* _EXERCISE OBJECTIVE_: Once the line containing "SPAIN, 1922/26, KING" is found in the records below, return it and each following line exactly, up to and including the line containing "Community, Connection, and", and nothing else.

***** EXCERPTED RECORDS

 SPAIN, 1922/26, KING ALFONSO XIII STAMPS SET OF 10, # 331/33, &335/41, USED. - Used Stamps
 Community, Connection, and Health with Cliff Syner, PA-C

**********
***** EXCERPTED RECORDS

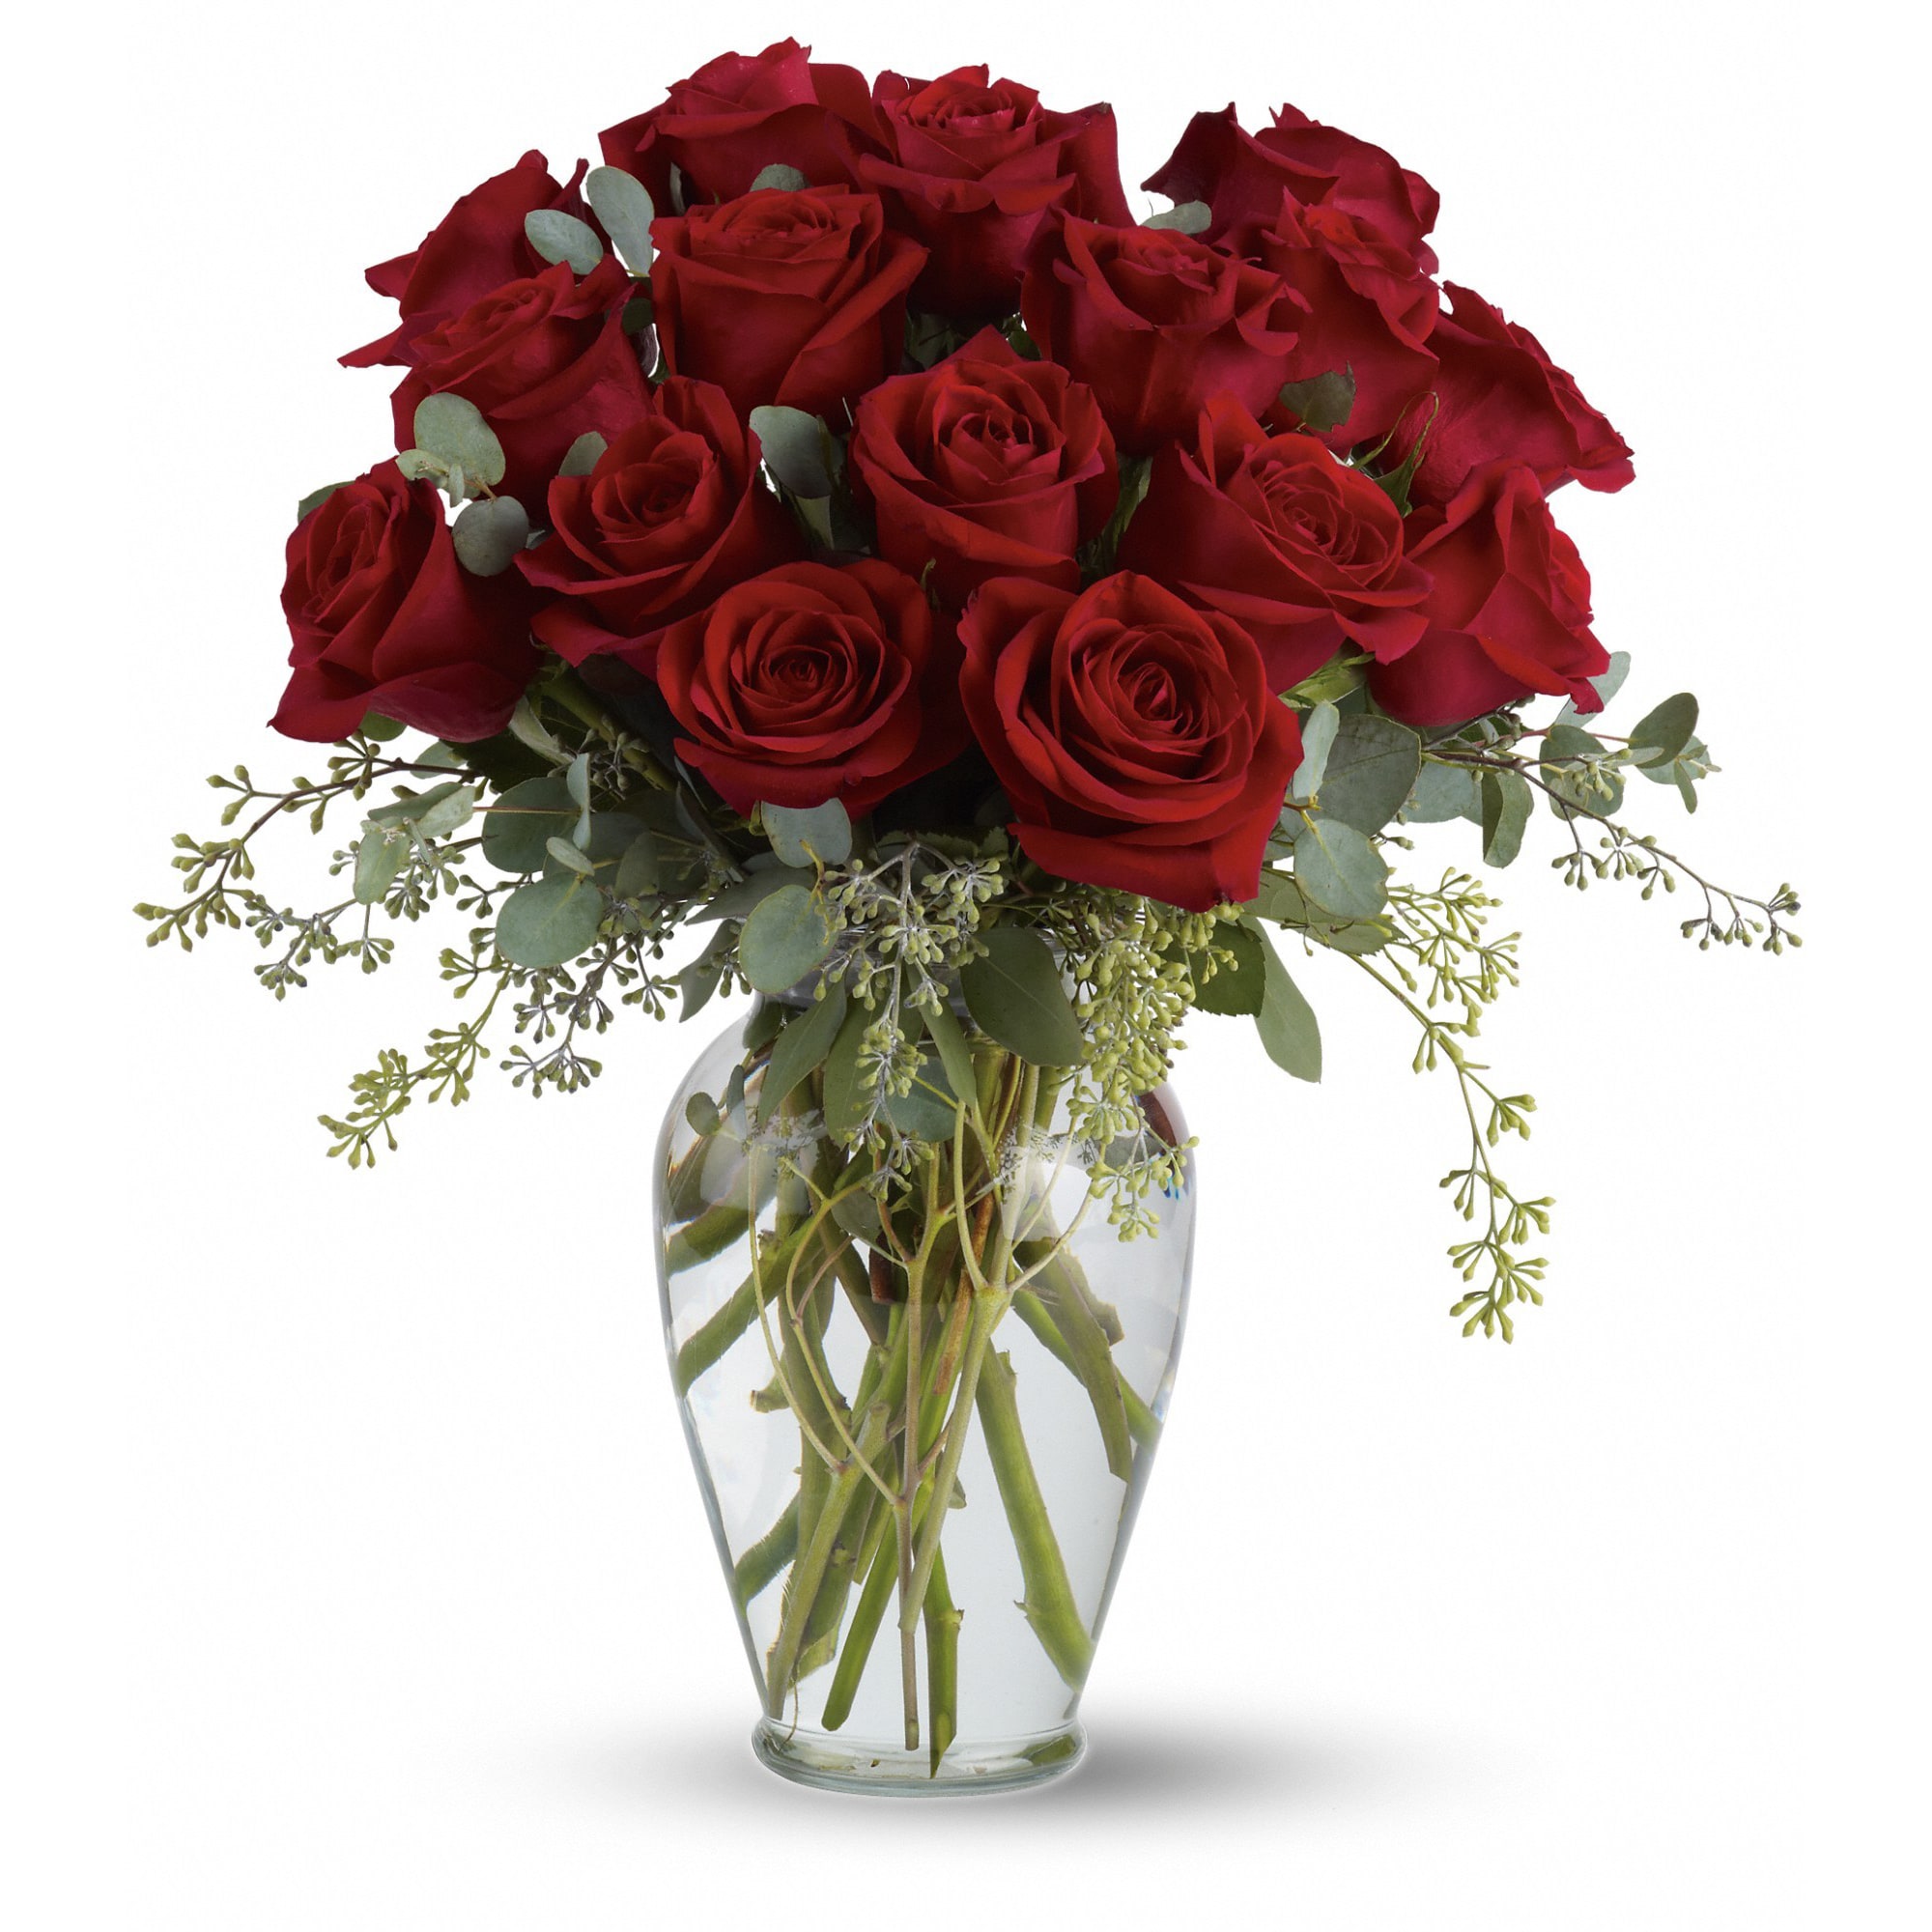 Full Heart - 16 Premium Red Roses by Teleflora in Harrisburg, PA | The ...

**********
***** EXCERPTED RECORDS

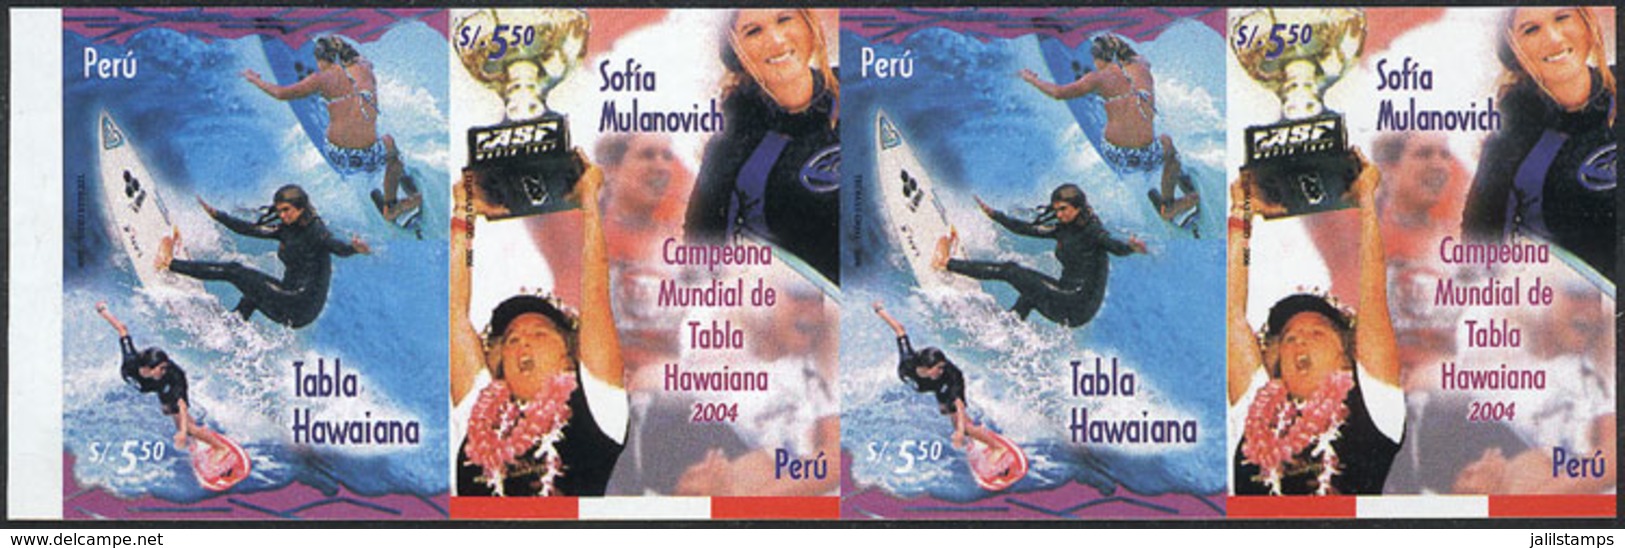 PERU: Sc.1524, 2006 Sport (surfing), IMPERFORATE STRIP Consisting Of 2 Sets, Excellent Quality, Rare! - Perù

**********

* _SOLUTION FOR THIS TASK_:
 SPAIN, 1922/26, KING ALFONSO XIII STAMPS SET OF 10, # 331/33, &335/41, USED. - Used Stamps
 Community, Connection, and Health with Cliff Syner, PA-C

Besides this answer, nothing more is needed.